Some quick hints on editing:
if you want to explore editing you can use the Sandbox for experiments and also for drafts. It saves all your edits in the page history, nothing is lost.
the idea of the wiki is to enclose all technical keywords in double square brackets, which makes them automatically be hyperlinked to their respective nLab entry. For instance typing [[pointed topological space]]
produces the link pointed topological space
our software is bad with rendering the combination :=
, better to code it as \coloneqq
I know, that’s why I provided some hints. No rush.
A really stupid question: would it be possible to define what a “relative loop space” is? Is this just the loop space of the homotopy fiber? (Is the “relative N-loop pair functor” defined in the article the same as the “relative loop space”?)
I think the more classic notion of relative loop space is as the space of maps of the form $(I^N,\partial I^N,J^N)\rightarrow (X,A,x_0)$ for $X$ a pointed space, $x_0\in A\subset X$, and $J^N=\partial I^n - \{0\}\times I^{N-1}$. This is what is usually used to define relative homotopy groups of pairs.

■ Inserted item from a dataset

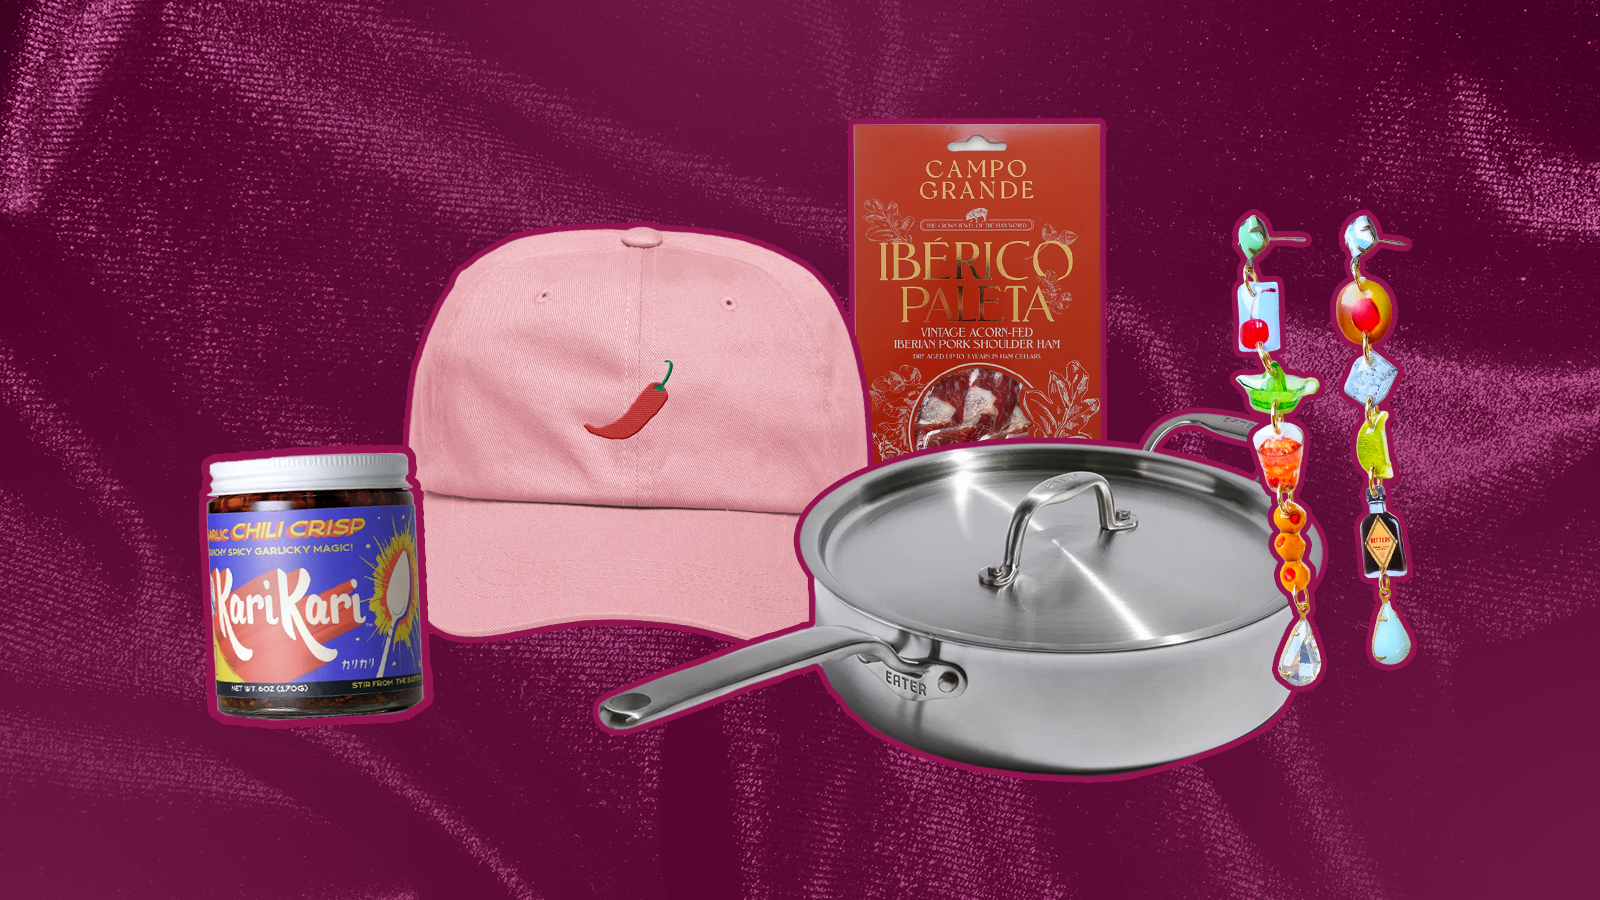 A collection of gifts, including chile crips, a hat, a pan, charcuterie, and earrings, on a dark red background.

To get the model theoretical version of the recognition theorem, the first problem with this definition is that there isn’t a model structure on the categories of topological pairs (I learned this from the answers to this mathoverflow question: https://mathoverflow.net/questions/128976/can-one-make-the-category-of-pairs-of-topological-spaces-a-model-category). The proper model category to consider is the category of maps of spaces, equipped with the projective model structure. If you start with the Quillen model structure the cofibrant objects will be inclusions of CW-pairs, and if start with the mixed model structure you get the maps homotopy equivalent to those.
For an inclusion of topological pairs the definition of relative loop space as a loop space of the homotopy fiber is homeomorphic to the classical one above.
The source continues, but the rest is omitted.